Methods: Sixty patients with stroke were randomly assigned into CCFES group (n=30) or NMES group (n=30). All patients were also treated with conventional medical treatment and rehabilitation training. Patients in CCFES group received CCFES to the affected wrist extensors while the NMES group received NMES. The stimulus current was biphasic wave with a pulse duration of 200μs and a frequency of 60Hz. The electrical stimulation lasted for 20min per session, 5 sessions per week for 3 weeks. The intensity of the CCFES was based on the electromyography (EMG) value of the unaffected side while the subjects voluntarily extended their unaffected wrist slightly (<10% range of motion, ROM), moderately (about 50% ROM) and completely (100% ROM). Fugl-Meyer assessment (FMA), motricity index (MI), the Hong Kong version of functional test for the hemiplegic upper extremity (FTHUE-HK) and active range of motion (AROM) of wrist extension were measured before and after 3 weeks of treatment.

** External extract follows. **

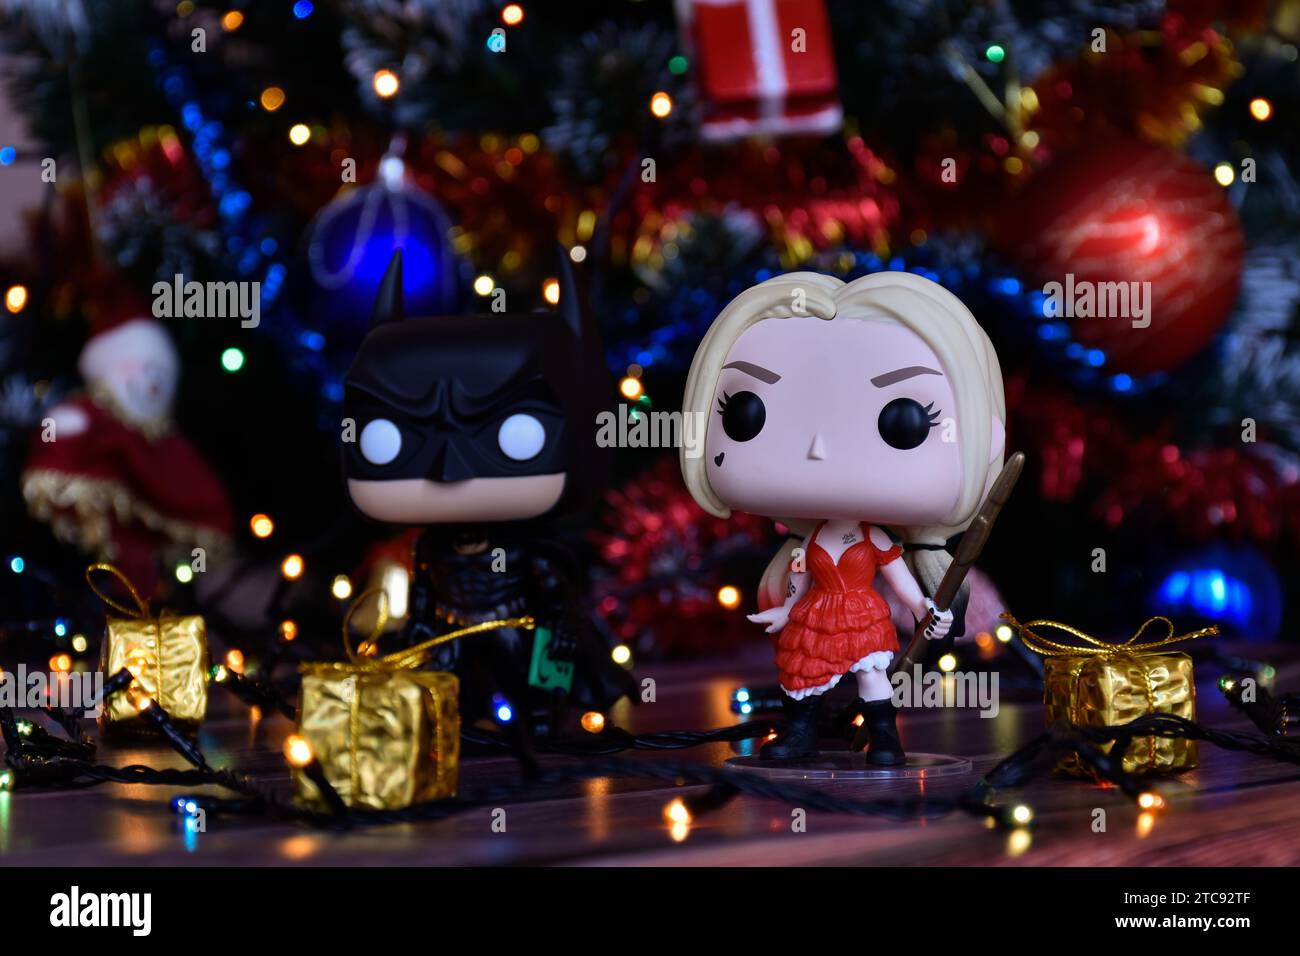 Funko Pop action figure dei supereroi dei fumetti DC Batman e Harley Quinn. Albero di Natale, ornamenti, ghirlanda, confezioni regalo, luci colorate. Foto Stock

Results: Compared with the baseline values, both groups showed significant improvements in all the measurements after treatment (p<0.05). Patients in CCFES group showed significantly higher upper extremity FMA, FTHUE-HK scores and AROM of wrist extension than those in NMES group (p<0.05).

Conclusion: Compared with the conventional NMES, CCFES provides better recovery of upper extremity function in patients with stroke.

Keywords: Contralaterally controlled functional electrical stimulation, neuromuscular electrical stimulation, upper extremity function, stroke.